Thomas Jefferson Papers

To Thomas Jefferson from Lafayette, 1 December 1804

From Lafayette

La Grange 10th frimair 1st december 1804

My dear friend

I Have on the 8th October Adressed You with a long Confidential Letter and Entrusted it to Mr. Livingston—Since Which General Armstrong Has delivered Your kind favor of June the 27h With the Subsequent Information You Have Been pleased to Send for me

in Every part of those transactions I find Myself Under Such obligations to Your friendship that While I have words to Express them, I feel I Have a Heart fully possessed with the Grateful Sentiments they Have Excited.

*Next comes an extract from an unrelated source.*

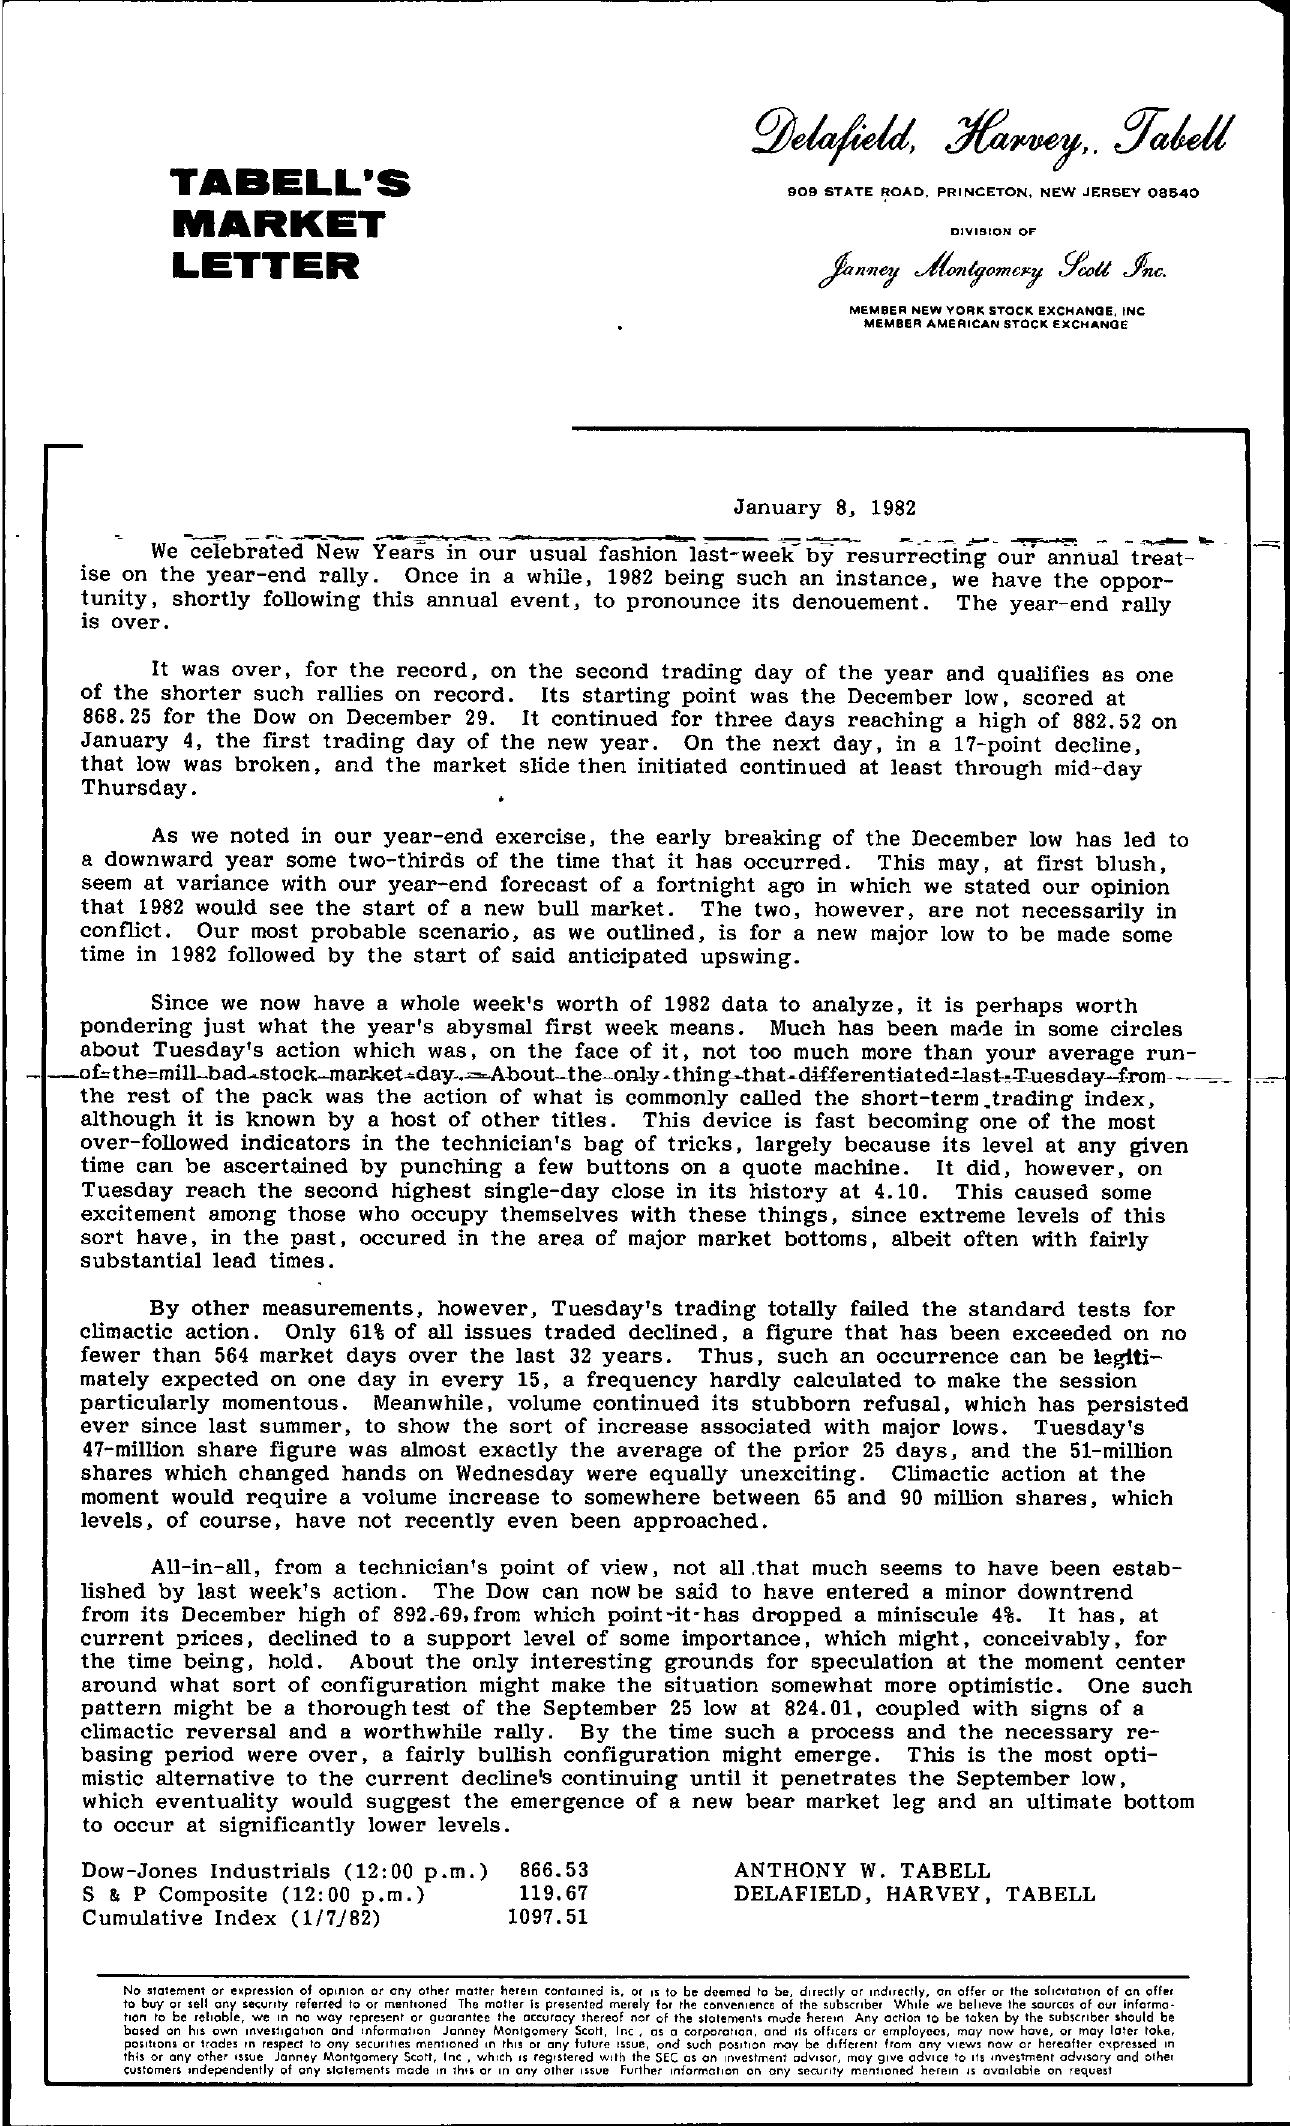 Tabell's Market Letter - January 08, 1982
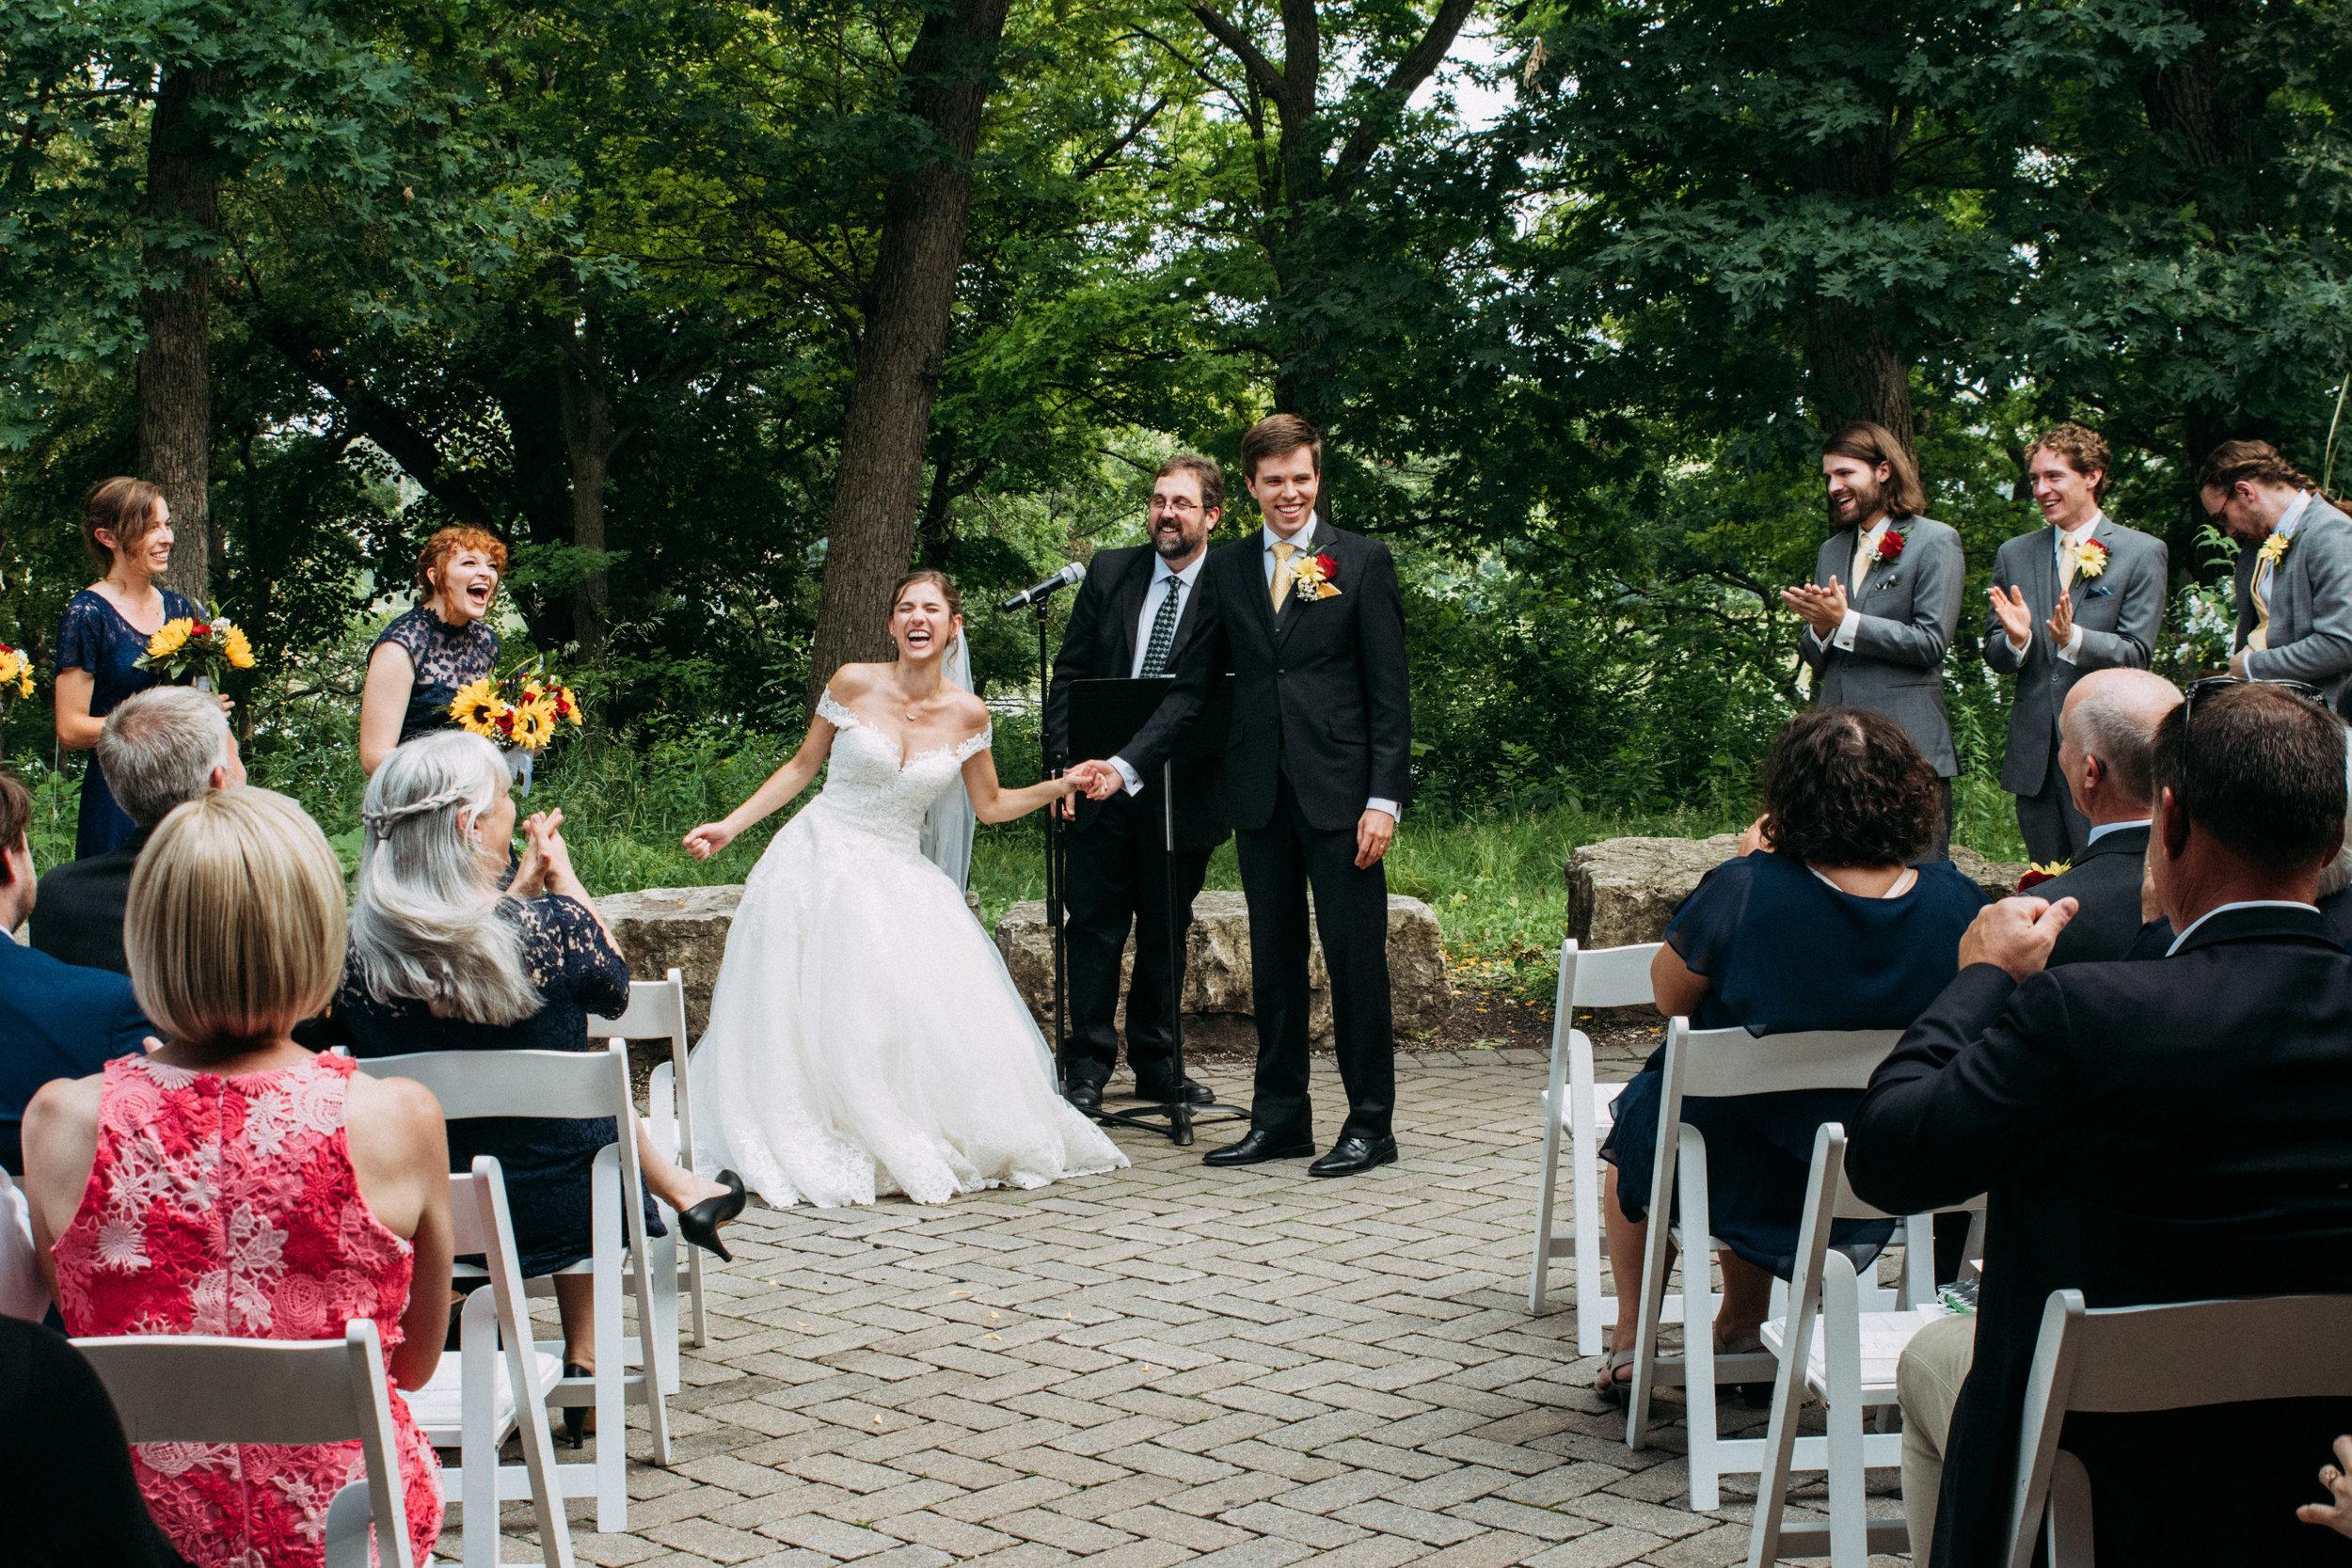 28-Liza_Chris_Minneapolis_Minnesota_Wedding.jpg

Under those dispositions, My dear friend, Added to all the inclinations and Repugnancies Congenial to My temper Which Neither time or Exemple Can Hebetate, You Cannot Question the Sense I Have of Your weighty invitation and Advice—that Matter I Had fully discussed in the Letter previous to Gnl Armstrong’s Arrival—His Conversation Could not But Lessen one Side of the Argumentation and Reinforce the other—Yet I Have His Approbation to Refrain in these Lines from Entering Again On the Subject, as they are particularly destined to Convey By Any Opportunity My thanks to Congress.

Permit me therefore to Submit to Your Consideration the Enclosed Official Letter and to Request You, if You Approve the Contents, to Have it delivered through the proper Channel, Which, if I am not Mistaken Must be first from me to the Secretary at War.

I Also take the Liberty to inclose a Copy of My Power of Attorney to Mr Madison—I Have on the 10h October writen to Him a very Long Letter But as My Affairs Have Been Managed far Beyond Any Expectation I Could Conceive or Any idea I Could Either presume to form, it Remains only for me to Enjoy with Happy thankfulness What friendship Has Been pleased to do.

I am with Affectionate and Grateful Respect in Which my Wife and family Beg Leave to Join

Your old and for Ever friend

Lafayette

RC (DLC); endorsed by TJ as received 28 Mch. 1805 and so recorded in SJL. Enclosures: (1) Lafayette to Dearborn, responding to Dearborn’s of 30 Dec. 1803; he expresses his thanks for the Louisiana lands granted to him by Congress; he considers them a “Retrospective to the Services of the Army in which I had the honor to Rank” (Tr in same: TJ Papers, 146:25402; undated; in a clerk’s hand; at head of text: “Copy of my official letter to general Dearborn”). (2) Copy of Lafayette’s power of attorney to Madison, authorizing him to locate Lafayette’s lands in Louisiana (not found, but see Madison, Papers description begins William T. Hutchinson, Robert A. Rutland, J. C. A. Stagg, and others, eds., The Papers of James Madison, Chicago and Charlottesville, 1962- , 41 vols.; Sec. of State Ser., 1986- , 11 vols.; Pres. Ser., 1984- , 10 vols.; Ret. Ser., 2009- , 3 vols. description ends , Sec. of State Ser., 8:148n; Lafayette to TJ, 8 Oct.).